# Dual 200A Sub-Services - Rooftop or Interior



## Kevin (Feb 14, 2017)

If the drop ceiling is a plenum space, I would run conduit...

IIRC, ACWU and Teck Cable do not have an FT6 rating on their outer jacket.

I vote for wireless! :vs_laugh:


----------



## Mobius87 (May 20, 2019)

Kevin_Essiambre said:


> If the drop ceiling is a plenum space, I would run conduit...
> 
> IIRC, ACWU and Teck Cable do not have an FT6 rating on their outer jacket.
> 
> I vote for wireless! :vs_laugh:



Ya, wireless is my preference too, but so $$$$.

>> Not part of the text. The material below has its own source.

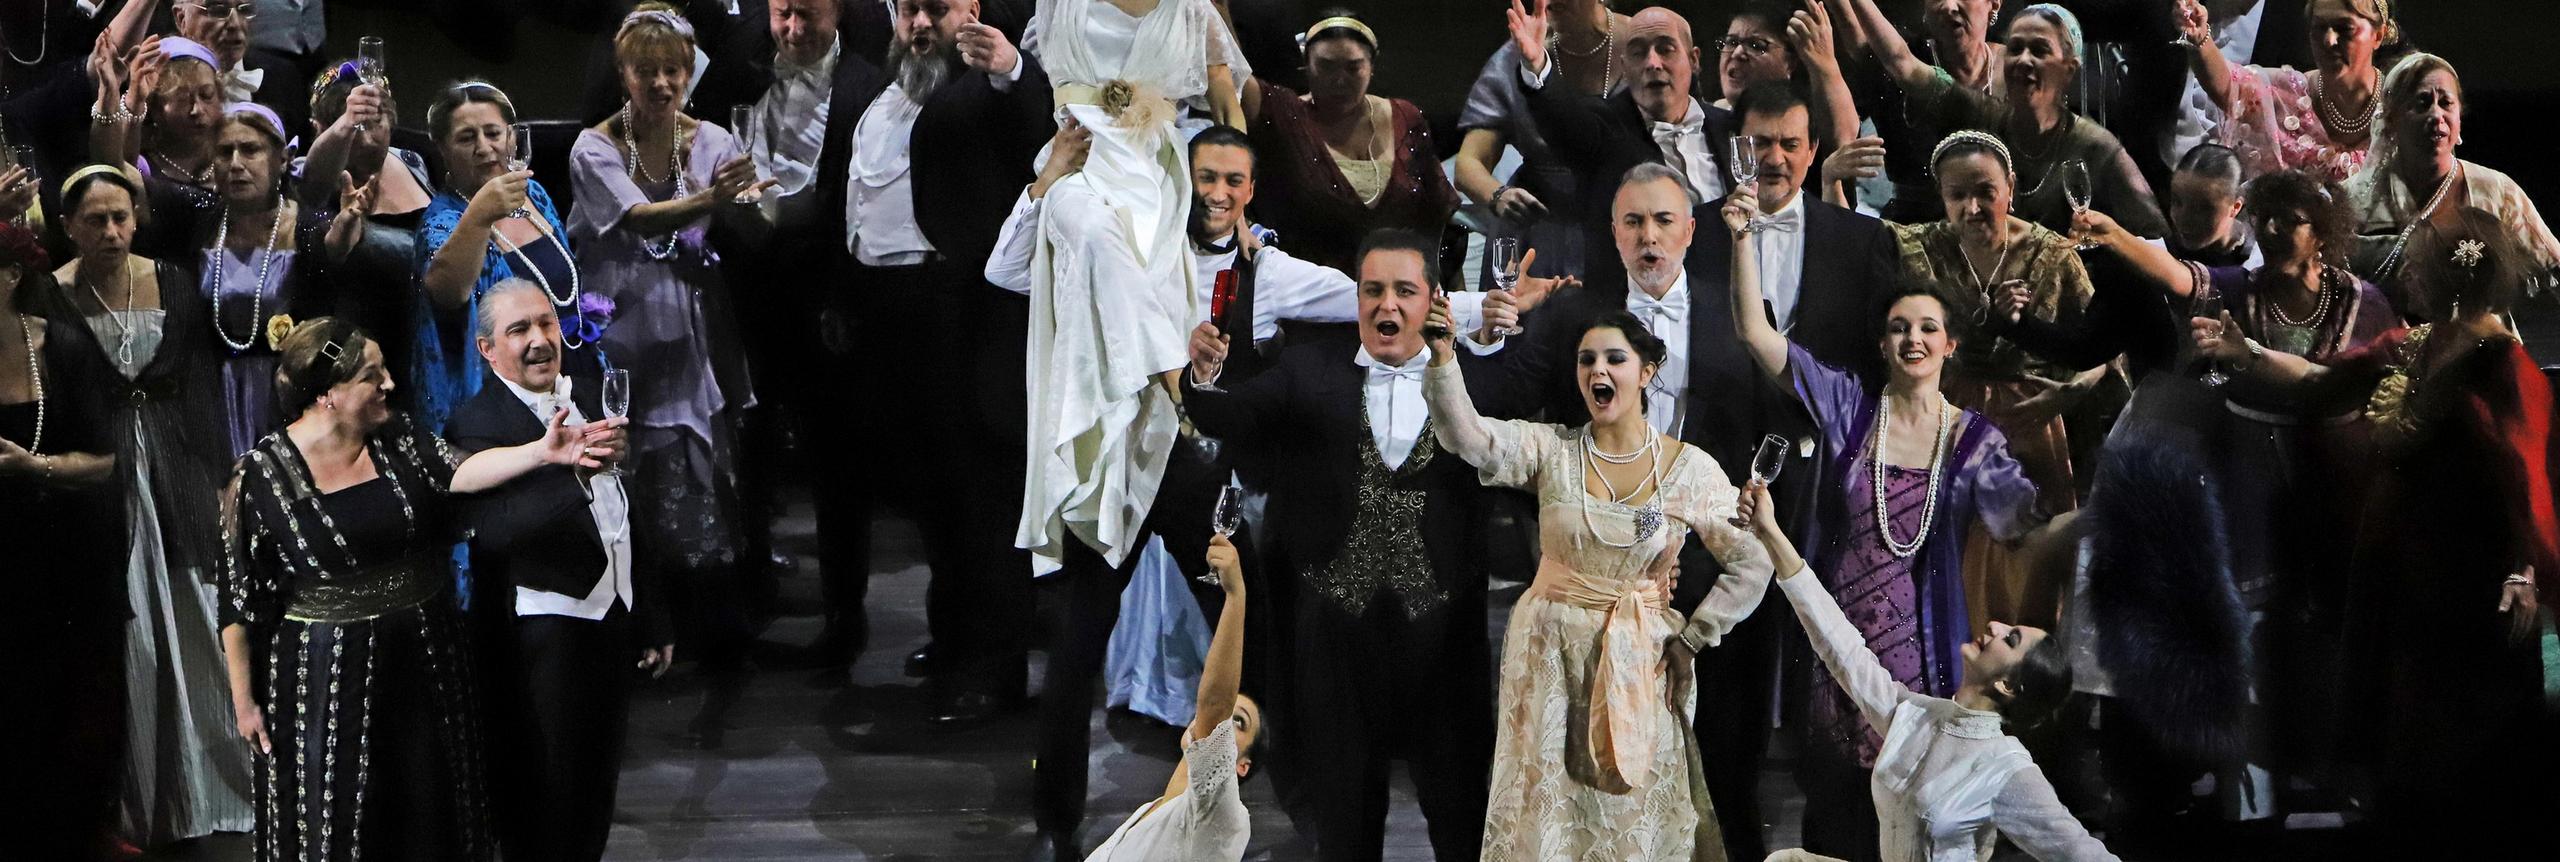 La tanto attesa Traviata riminese ha stregato e commosso la platea - Corriere Romagna

In all seriousness though, I will have to confirm the plenum thing. I assumed it was not, due to it being a commercial space with exposed wood construction above the ceiling.


----------



## kb1jb1 (Nov 11, 2017)

If you run outside across the roof deck, make sure you seal the conduit at both ends. Warm interior air will condensate in the winter and either fill up the conduit or leak back into the building.
Exterior conduit runs across the roof have been talked about on this site several times. Some like PVC some EMT and some rigid. I prefer aluminum rigid with the plastic roof blocks for long runs. Be careful of not creating a trip hazard if near the edge of the roof.


----------